In questi giorni si è celebrato il quasi-trentennale della strage di Capaci. Pochi giorni dopo, nel 1992, venne eletto al Quirinale Oscar Luigi Scalfaro. È da allora che il centrosinistra controlla saldamente la prima carica dello Stato (neppure il laico Carlo Azeglio Ciampi – ministro del Tesoro nel Prodi 1 – può essere considerato come un presidente veramente indipendente; certamente imparziale, ma non equidistante rispetto al centrodestra berlusconiano, leghista, finiano). Dopo l’avvento di Scalfaro (all’indomani dell’ultimo voto della prima repubblica) si sono tenute sette elezioni politiche. Prima dello spartiacque della crisi finanziaria 2008 tre hanno registrato l’affermazione netta del centrodestra. Una consultazione è stata vinta dal centrosinistra, ma non prima di un intervento “presidenzialista” di Scalfaro a tagliare subito la strada al primo governo Berlusconi. E il quinquennio dell’Ulivo ha visto comunque succedersi ben tre esecutivi (Prodi 1, D’Alema e Amato 2). Una seconda volta le urne hanno assegnato la vittoria sul filo al centrosinistra per 24mila voti molto controversi. E quella “simil-vittoria” ha prodotto una legislatura “mutilata” e l’elezione parecchio divisiva di Giorgio Napolitano al Quirinale.
Cinque anni dopo è stato proprio Napolitano a tagliare con l’accetta il nodo aggrovigliato in Italia nell’estate 2011 essenzialmente da eventi esterni di origine geopolitica. Se Berlusconi è stato estromesso per un decennio, il Pd è rientrato al governo allora – con Mario Monti – e non vi è mai più uscito salvo che nei quattordici mesi del Conte 1.
Nel frattempo ha “non vinto” le elezioni 2013, governando tuttavia per i cinque anni successivi grazie al determinante “prestito” dei senatori berlusconiani capitanati da Denis Verdini. E non c’è dubbio che Napolitano – pur all’interno delle prerogative formali del Quirinale – abbia favorito la doppia rottamazione del leader Pd Pierluigi Bersani e del premier Pd Enrico Letta. È stata così promossa l’ascesa “a pieni poteri” del sindaco di Firenze Matteo Renzi, mai eletto in Parlamento. Neppure lui tuttavia è riuscito a concludere la legislatura a Palazzo Chigi: l’esito rovinoso del referendum 2016 – affrontato da premier e segretario Pd in carica – ha capovolto la vittoria alle europee del 2014 (l’unica vera ascrivibile dal 2007 ai dem su scala nazionale). Il resto è ancora cronaca: con il Pd già impegnato a “rinarrare” in tempo reale come atto di responsabilità politica sia l’adesione al ribaltone del 2019 sia il tentativo (fallito) di evitare la caduta parlamentare del Conte 2.

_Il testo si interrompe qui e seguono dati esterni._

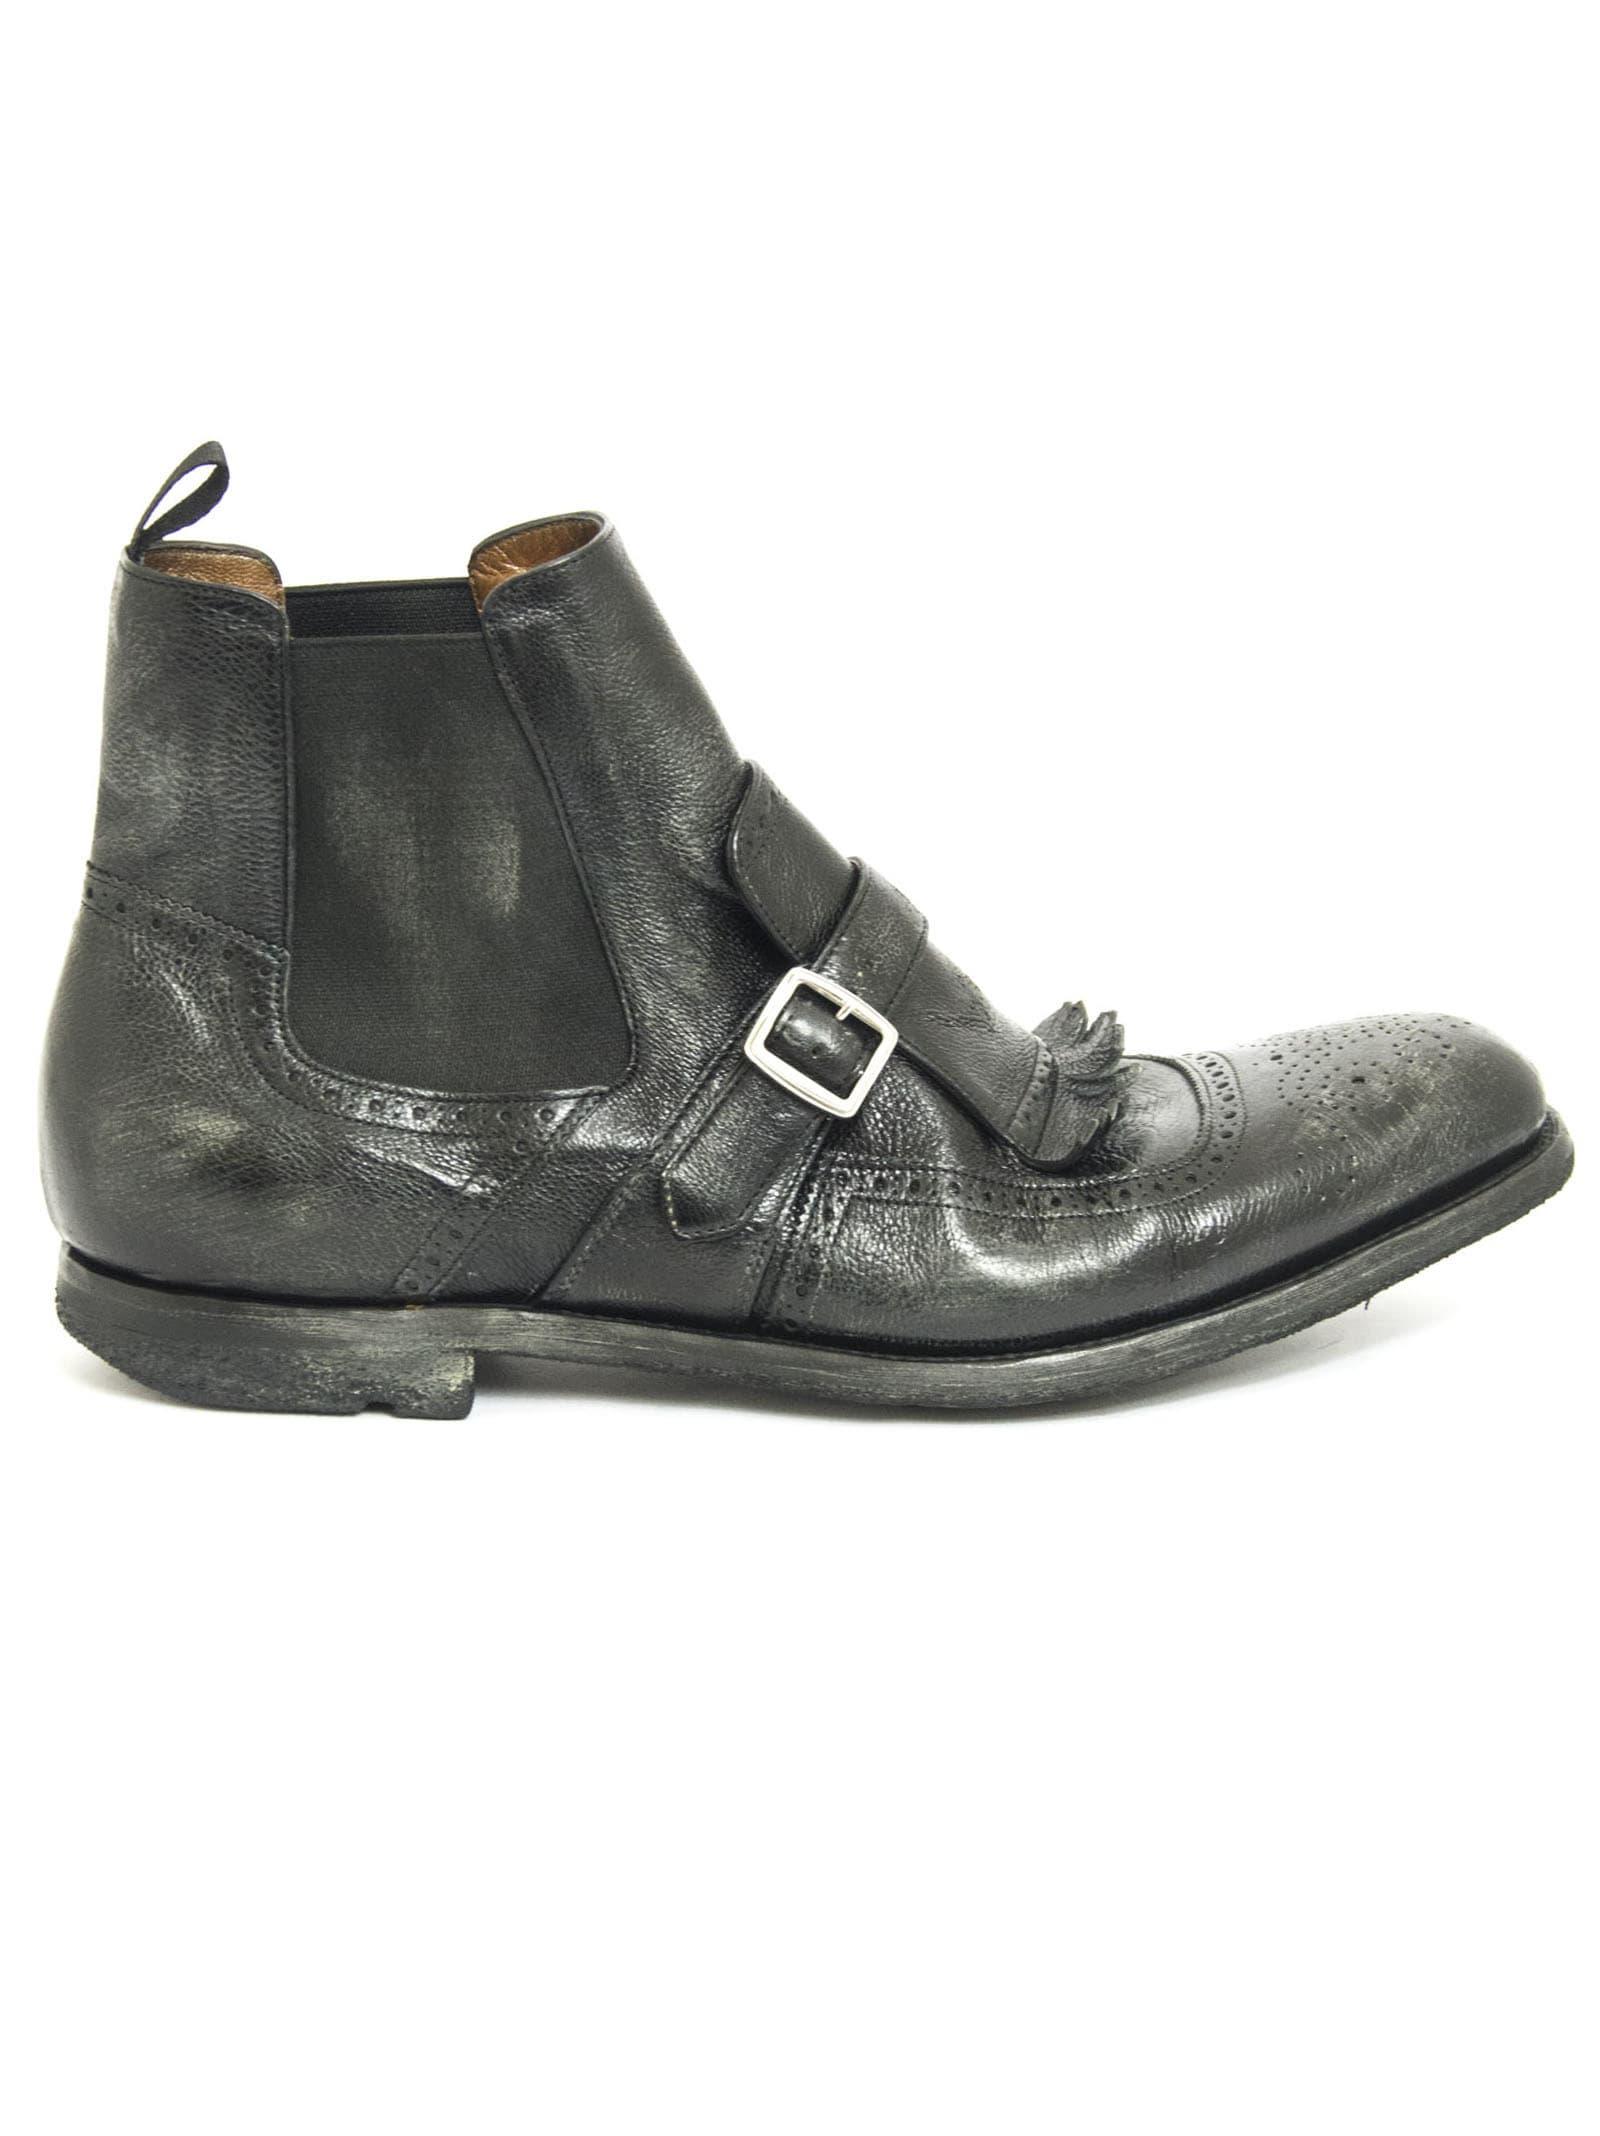 Churchs Shanghai Vintage Leather Chelsea Boot Black
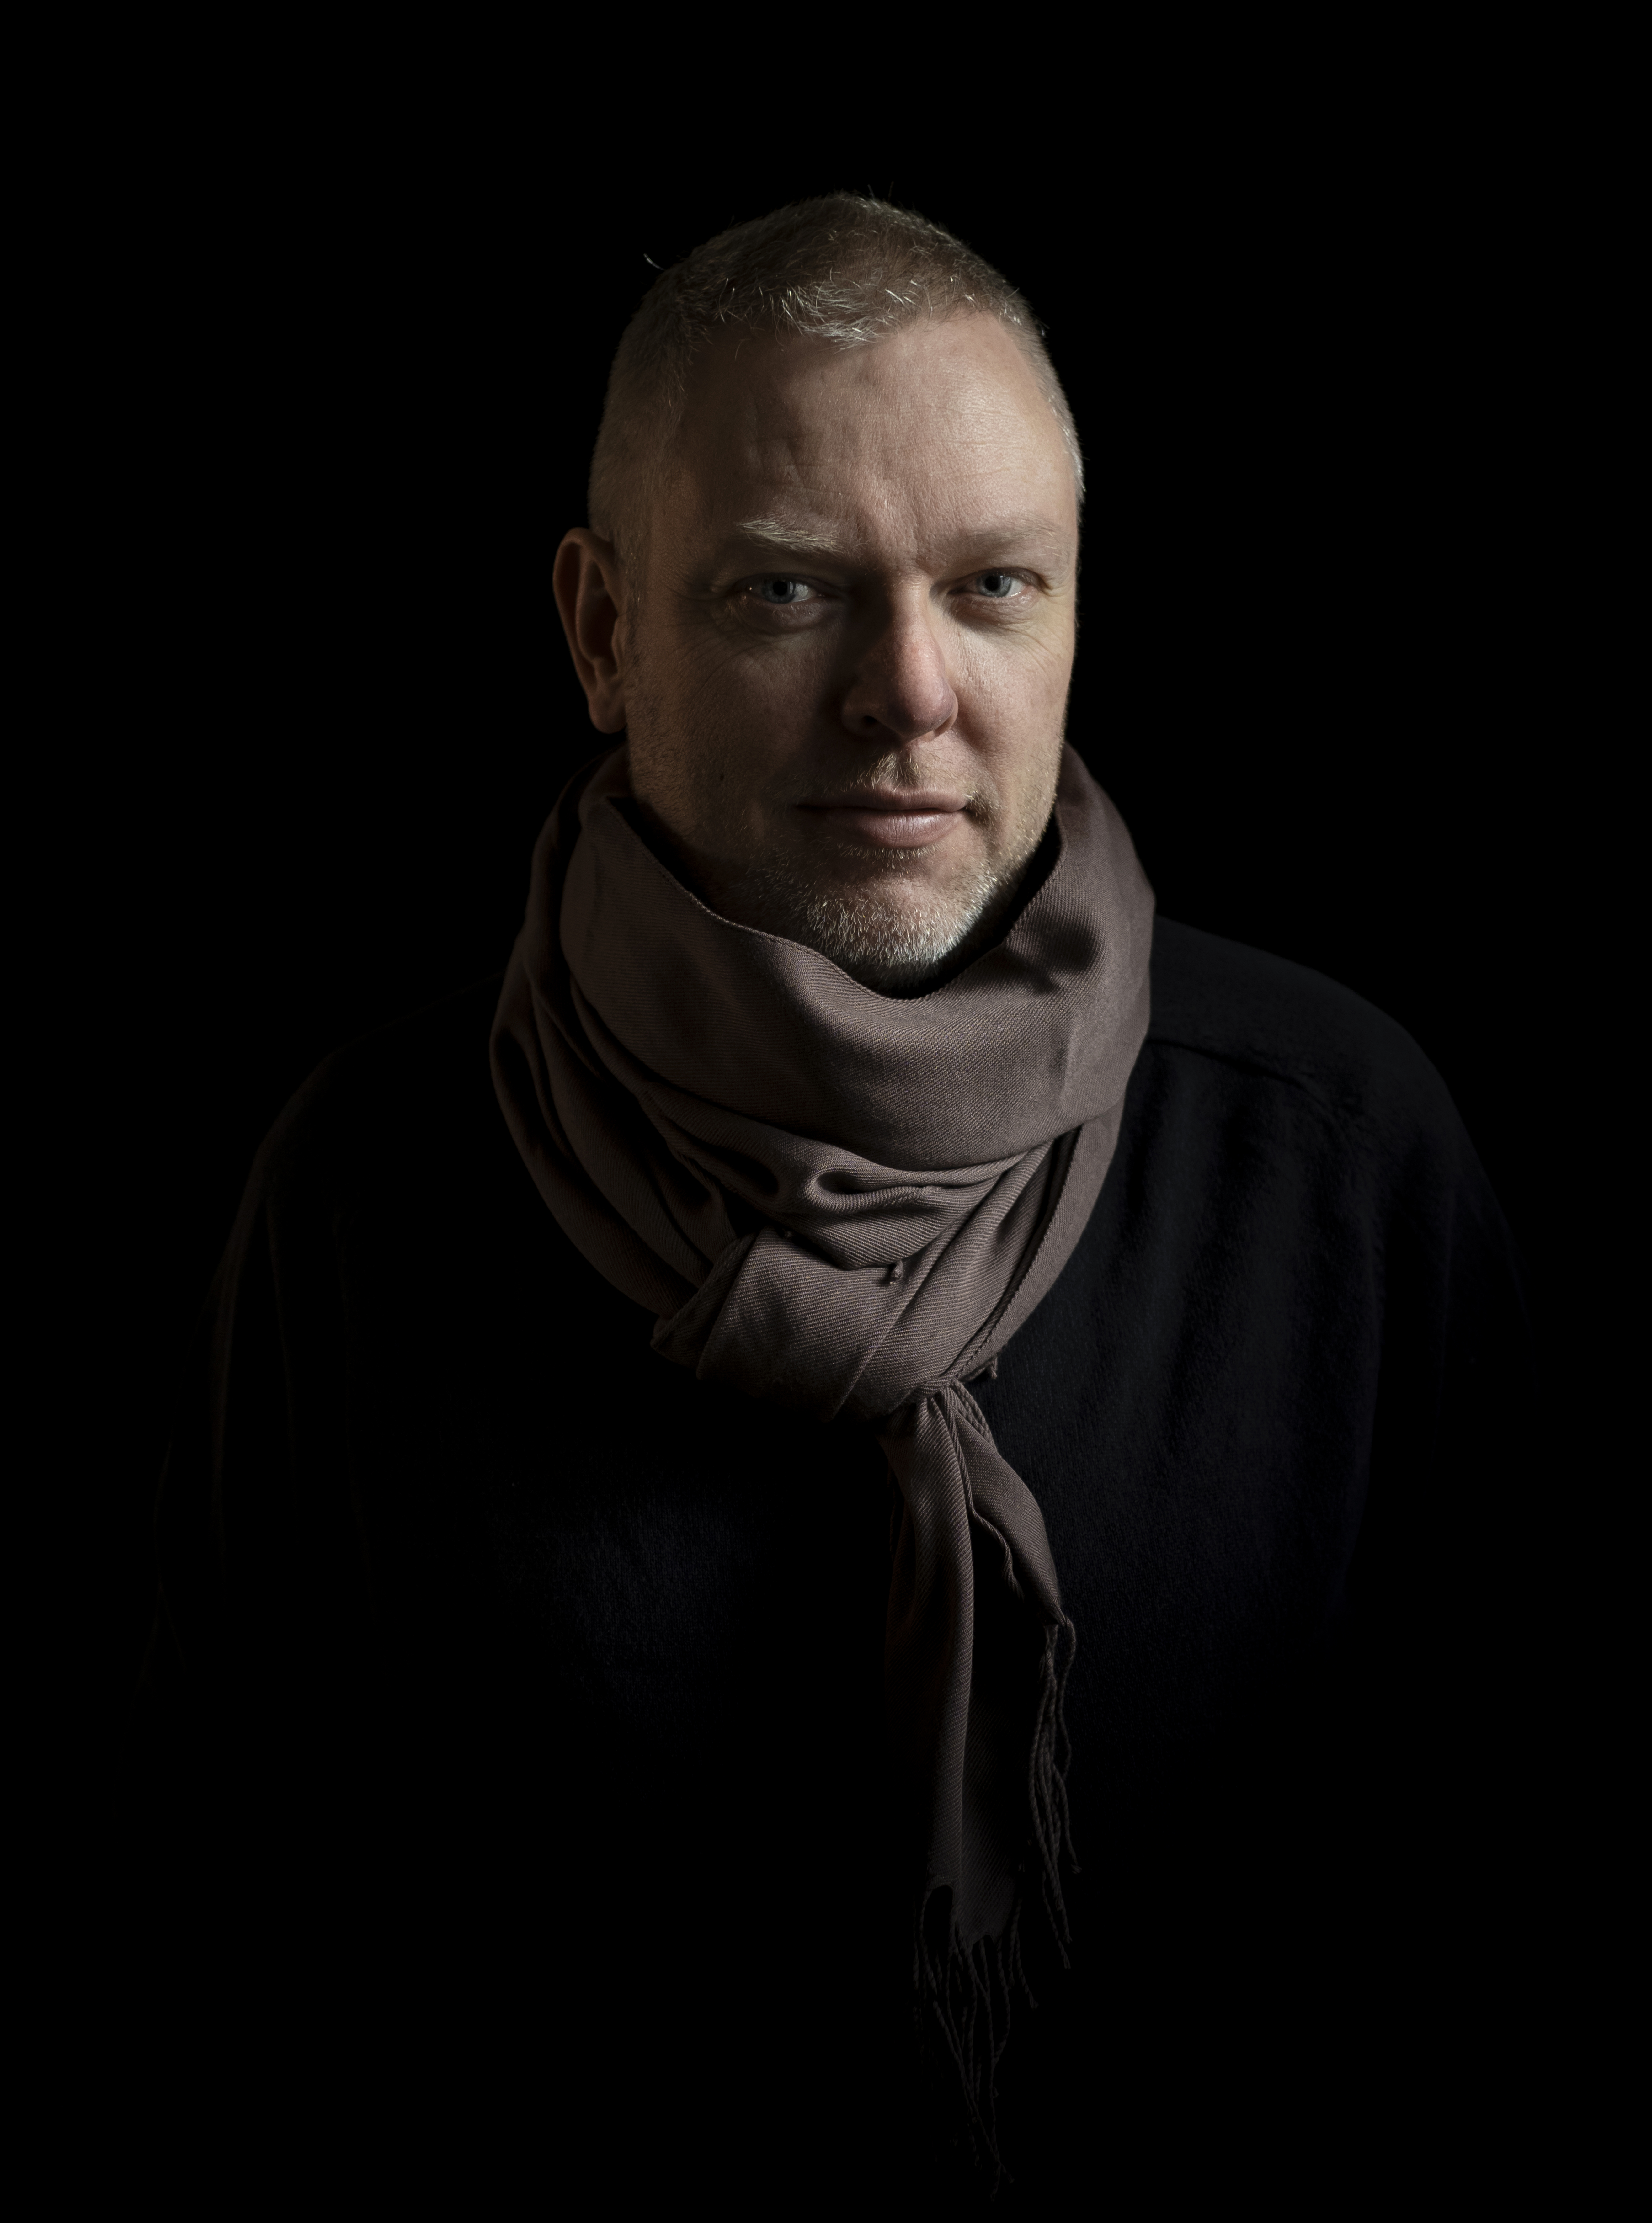 Sven Petter Næss

Dal 2011 si sono susseguiti sette esecutivi: nessuno è stato guidato da un premier chiaramente indicato dagli elettori, cinque sono stati pilotati da non parlamentari. Il Pd ha intanto occupato le stanze del potere per più tempo di quanto abbia fatto quando ha vinto le elezioni. È riuscito a imporre anche i due ultimi commissari Ue (ma dal 1994, salvo Franco Frattini e Antonio Tajani, tutti i commissari italiani a Bruxelles sono usciti dalle fila del “centrosinistra allargato”, a cominciare da Prodi presidente della Commissione). I dem sono riusciti perfino a strappare la presidenza in corso del Parlamento Ue con David Sassoli: nonostante Pd e S&D abbiano riportato netti arretramenti in Italia ed Europa al voto del 2019. Un “deputato di fila” Pd di Strasburgo come Roberto Gualtieri è stato catapultato a Roma a pilotare il Mef; è stato subito imposto come parlamentare alle suppletive di Roma già in tempo di pandemia (eletto con affluenza del 17%) ed è ora stato elevato a candidato-sindaco di Roma.
Letta promette ora “Anima e cacciavite per ricostruire l’Italia”. Di certo avrà bisogno di più di un libro per ricostruire il Pd.